| Provided data |

════════════════

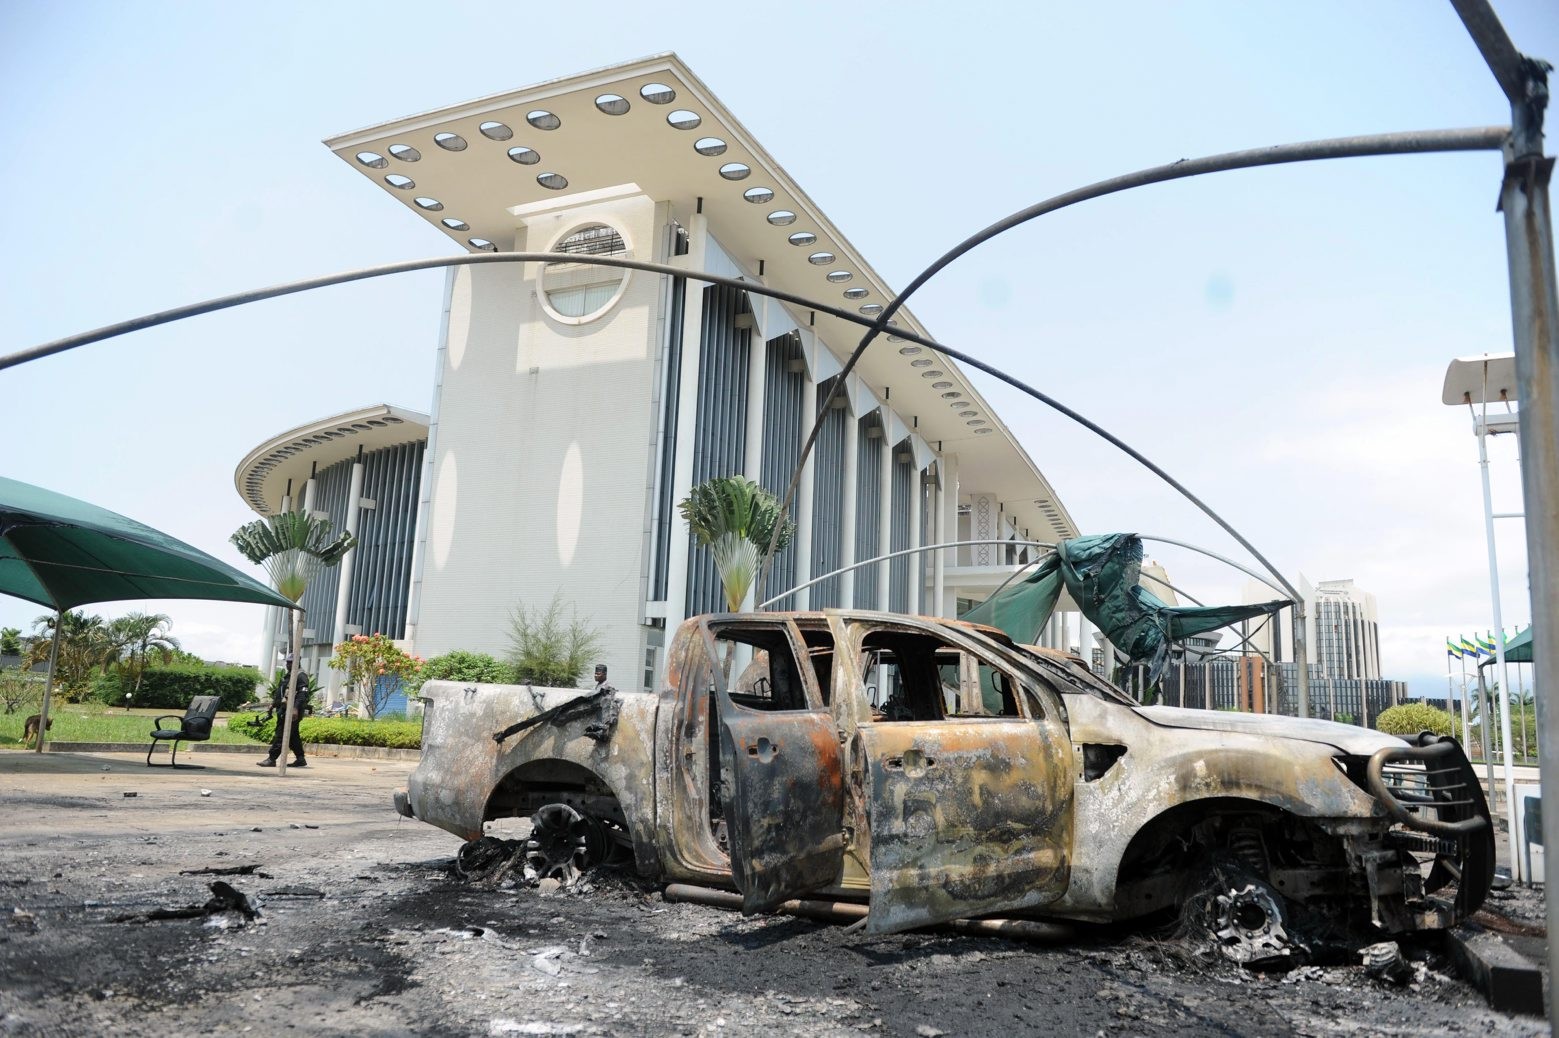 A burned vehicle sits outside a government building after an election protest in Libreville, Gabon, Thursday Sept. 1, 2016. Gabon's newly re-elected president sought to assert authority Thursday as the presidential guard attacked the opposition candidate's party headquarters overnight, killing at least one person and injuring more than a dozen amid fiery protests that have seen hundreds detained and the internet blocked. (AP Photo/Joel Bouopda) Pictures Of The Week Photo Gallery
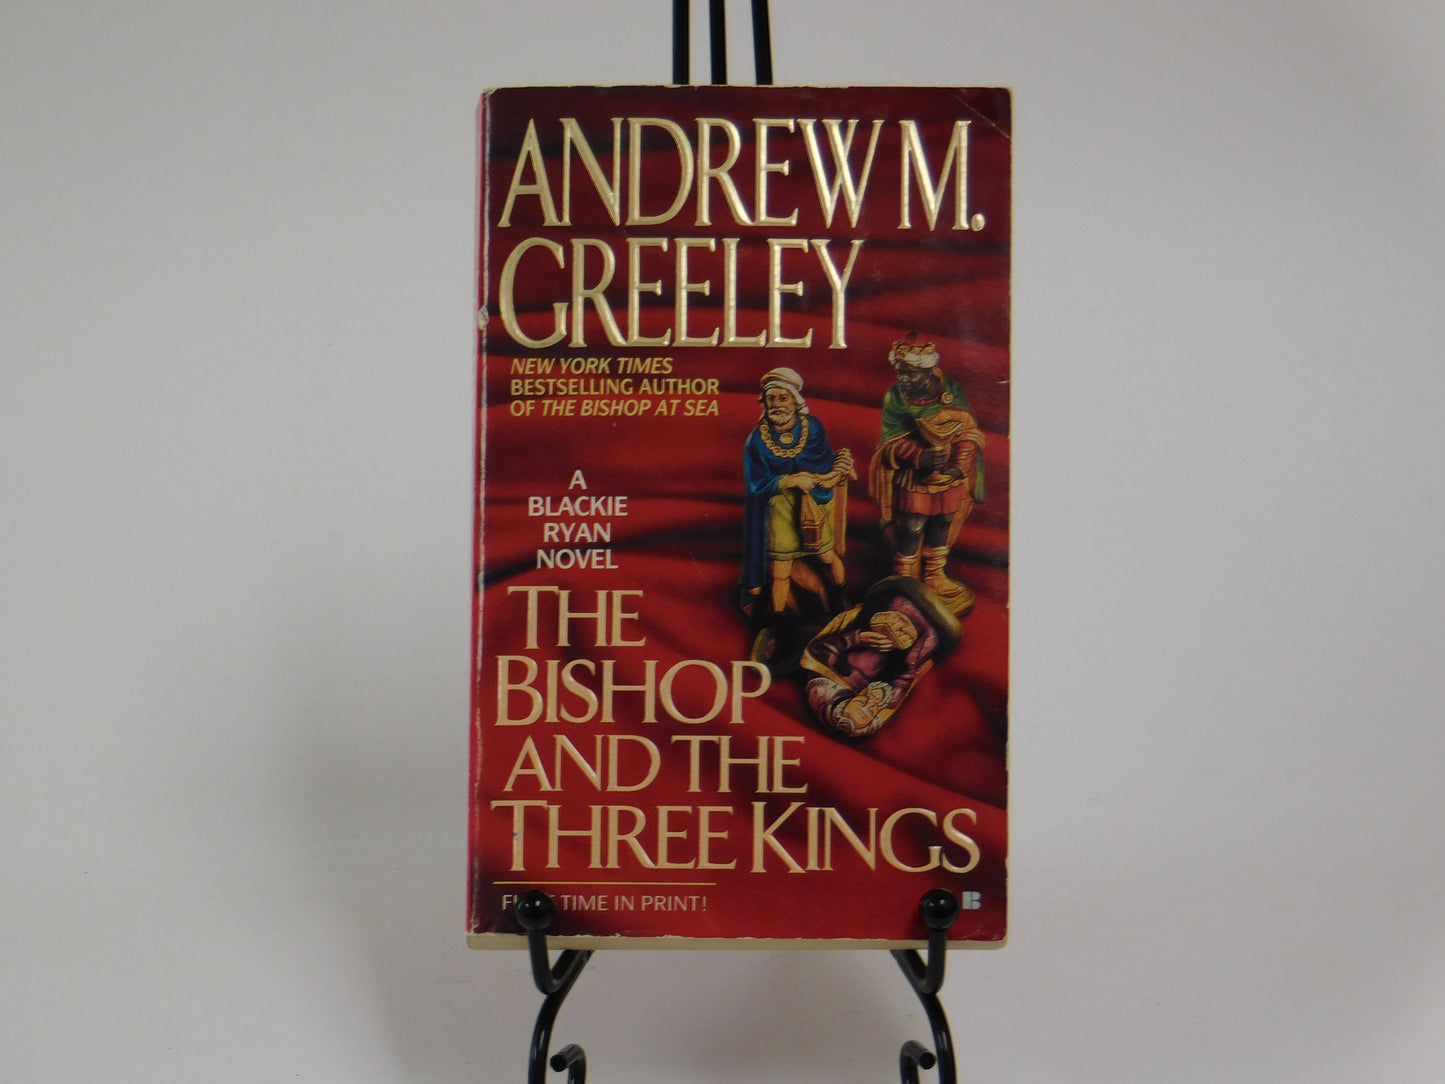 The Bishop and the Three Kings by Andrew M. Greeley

════════════════

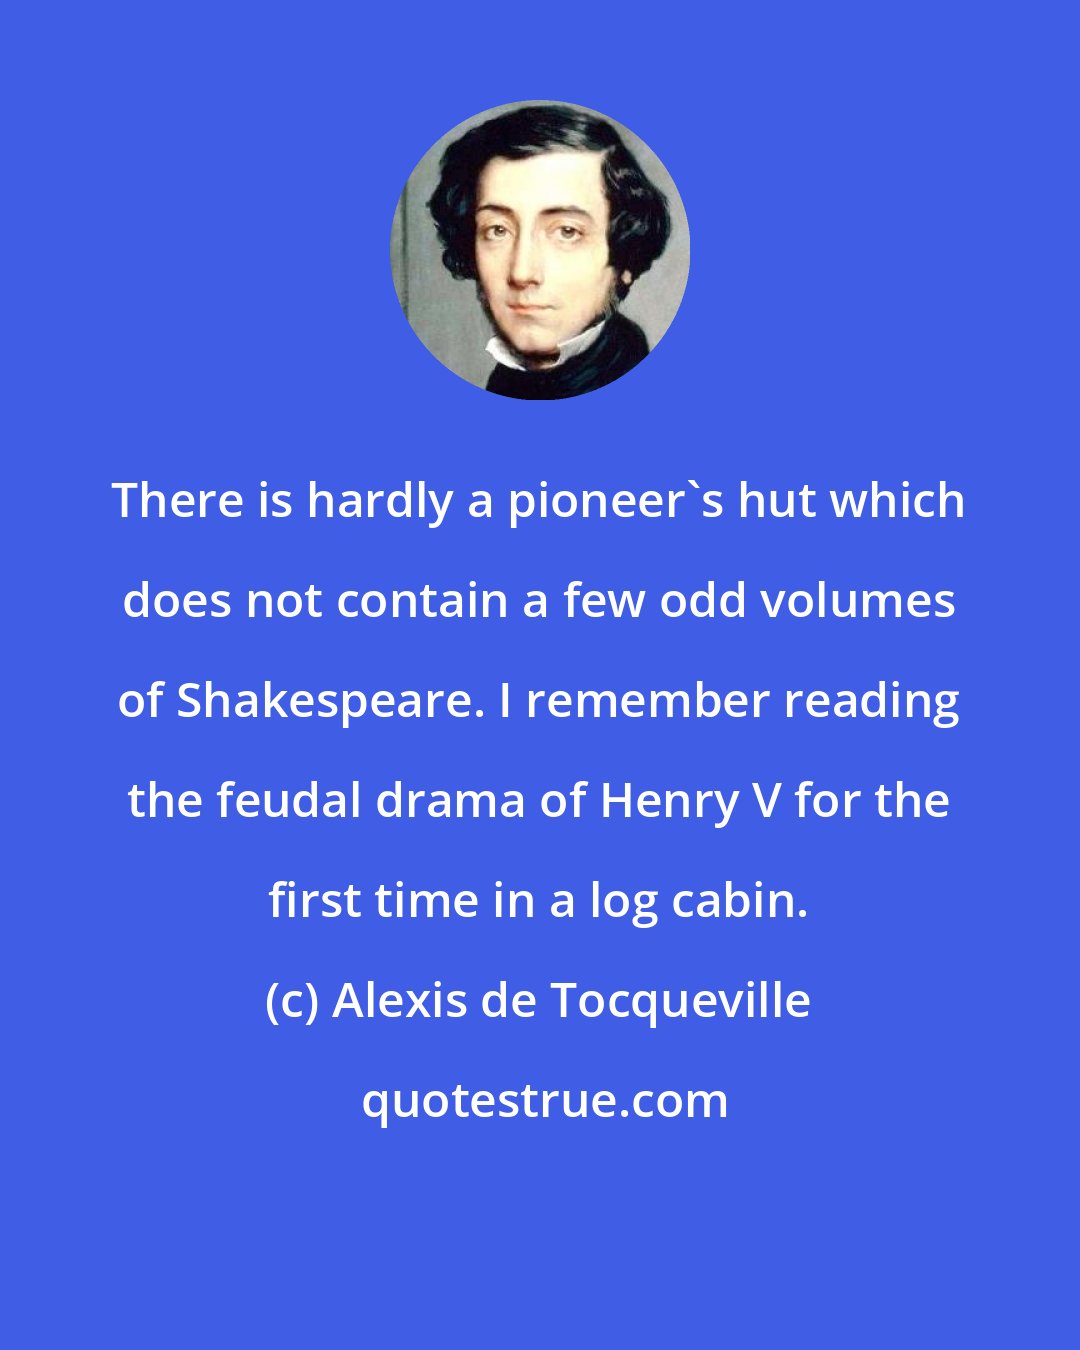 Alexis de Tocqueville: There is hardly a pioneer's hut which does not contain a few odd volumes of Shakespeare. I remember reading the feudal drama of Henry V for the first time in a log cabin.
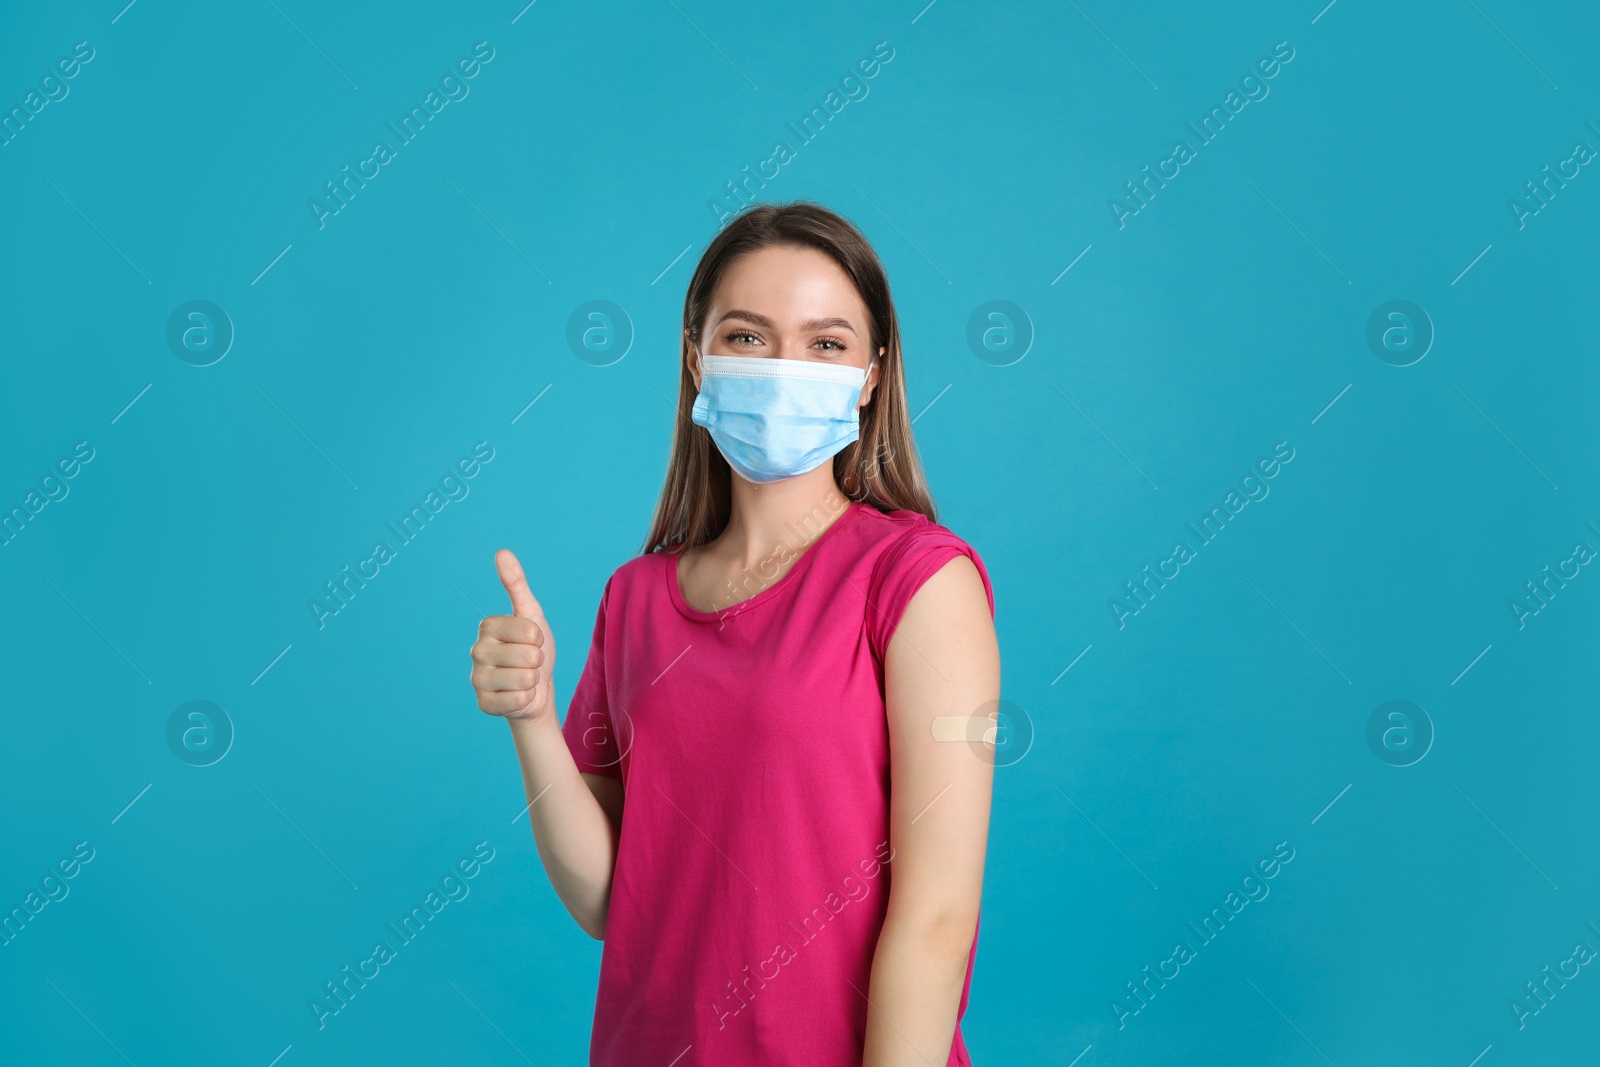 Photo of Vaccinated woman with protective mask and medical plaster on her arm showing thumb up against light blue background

════════════════

From the records above, write out exactly the lines that begin at the line with "A burned vehicle" and end at the line with "The Bishop and". Pictures must not appear in the output.

 A burned vehicle sits outside a government building after an election protest in Libreville, Gabon, Thursday Sept. 1, 2016. Gabon's newly re-elected president sought to assert authority Thursday as the presidential guard attacked the opposition candidate's party headquarters overnight, killing at least one person and injuring more than a dozen amid fiery protests that have seen hundreds detained and the internet blocked. (AP Photo/Joel Bouopda) Pictures Of The Week Photo Gallery
 The Bishop and the Three Kings by Andrew M. Greeley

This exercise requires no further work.